Я долго не могла понять, откуда у него такая агрессия к семье, к жене? И только недавно, по прошествии стольких лет, мне стало ясно, что весь его гнев был страхом маленького пацанёнка, оборонявшегося от нападок старших сестёр и мачехи. Затравленный, сжимая маленькие кулачки, затаившийся на чердаке или в подвале, он не мог им тогда ответить. И вот, спустя много лет, за всю прошлую боль, унижение, несправедливость он сполна отвечал маме. Мой маленький отец Сидорка. У мамы не хватило терпения и любви, чтобы разжать эти намертво сжатые ненавистью кулачки. Воспитанная в лучших традициях эпохи, она также хорошо знала, что врага уничтожают, что — око за око, зуб за зуб.Зарождаясь вихрями и смерчами, крики и скандалы метались по нашей квартире, сокрушая всё на своём пути: разрывами гранат хлопали двери, осколками мин разлетались вырванные фотографии из альбомов, трассирующими пулями летели в дальний угол белоснежные тарелки китайского фарфора. Ураган ненависти засасывал всех в свою воронку. И, подхваченная волной великой брани, надрывая своё сердце, я кричала ещё отчаяннее всех:
— Если бы вы только знали, как я вас ненавижу! Как я вас всех ненавижу! Я вас просто ненавижу! Да, замолчите же вы, наконец!!!

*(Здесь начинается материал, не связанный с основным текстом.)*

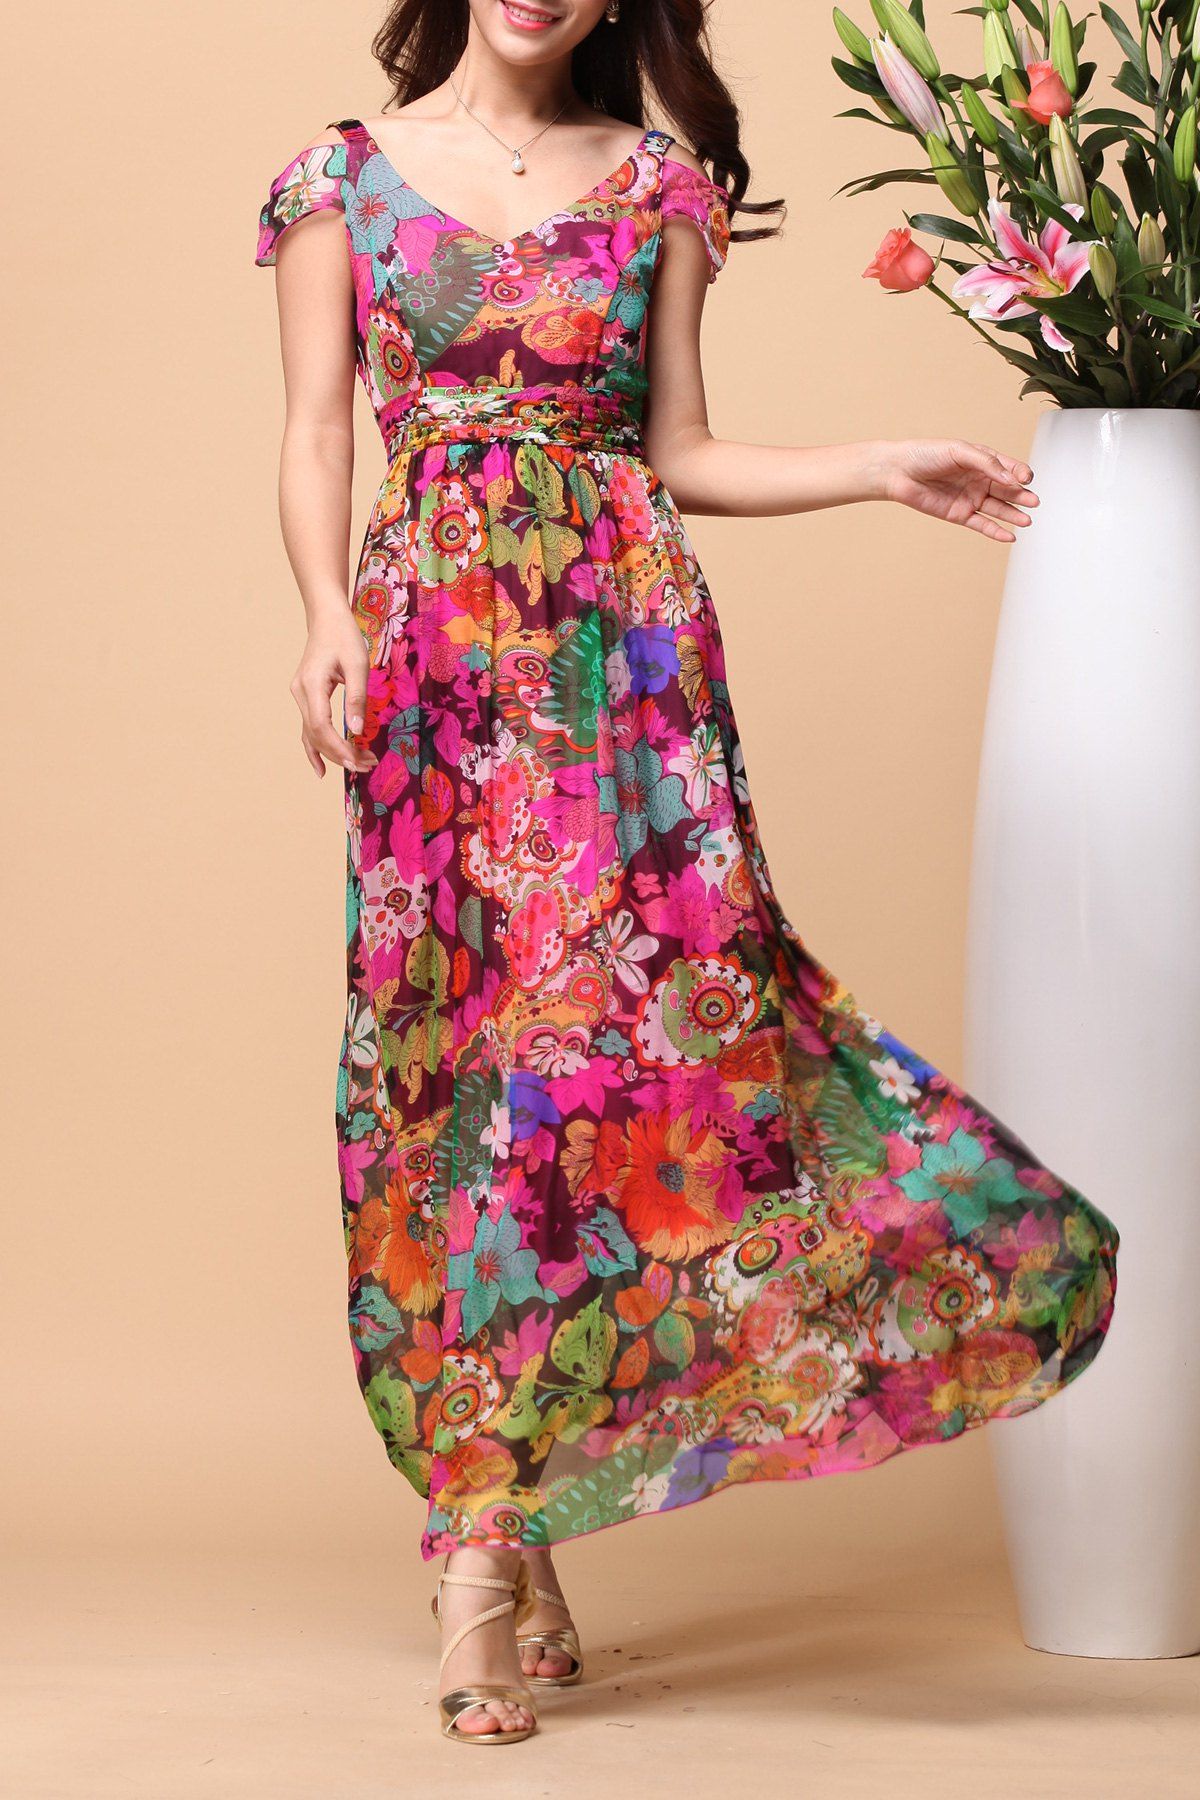 Backless Floral Maxi Swing Summer Dress

Отец перестал быть нужен где-то лет с пятнадцати. Совсем. Мы учились уже в 9 классе. У меня появилась закадычная подруга, вместе с которой пропускающими сырость полуботинками мы часами месили сугробы Сретенских и Рождественских бульваров. Кружили по Москве, упиваясь строчками из Вознесенского, Лорки. Ходили в кинотеатр повторного фильма на «Красное и чёрное», оплакивая раннюю гибель, два в одном, Ж. Сореля и Ж. Филиппа. Не находя среди знакомых сверстников никого, достойного столь высокой красоты и судьбы.
Отец был не интересен. Он сидел дома. Редко куда выходил. Старые обиды не давали заглянуть к нему. Иной раз, проходя по коридору, я бросала именно что косой взгляд в его комнату. Меня раздражали мещанские алоэ и прочие дурные цветы на окошке, пустые горшки с землёй, мятые листы бумаги на столе, бутылки из-под портвейна на полу. Иногда он спал, иногда что-то писал. По вечерам на взводе шёл искать по квартире маму, чтобы поругаться. Как будто кто нарочно тянул его на верёвке за привычной порцией скандала. Иногда на улице он попадался мне на переходе, небритый и неопрятный, с сеткой пустых бутылок, и я делала вид, что я его не увидела.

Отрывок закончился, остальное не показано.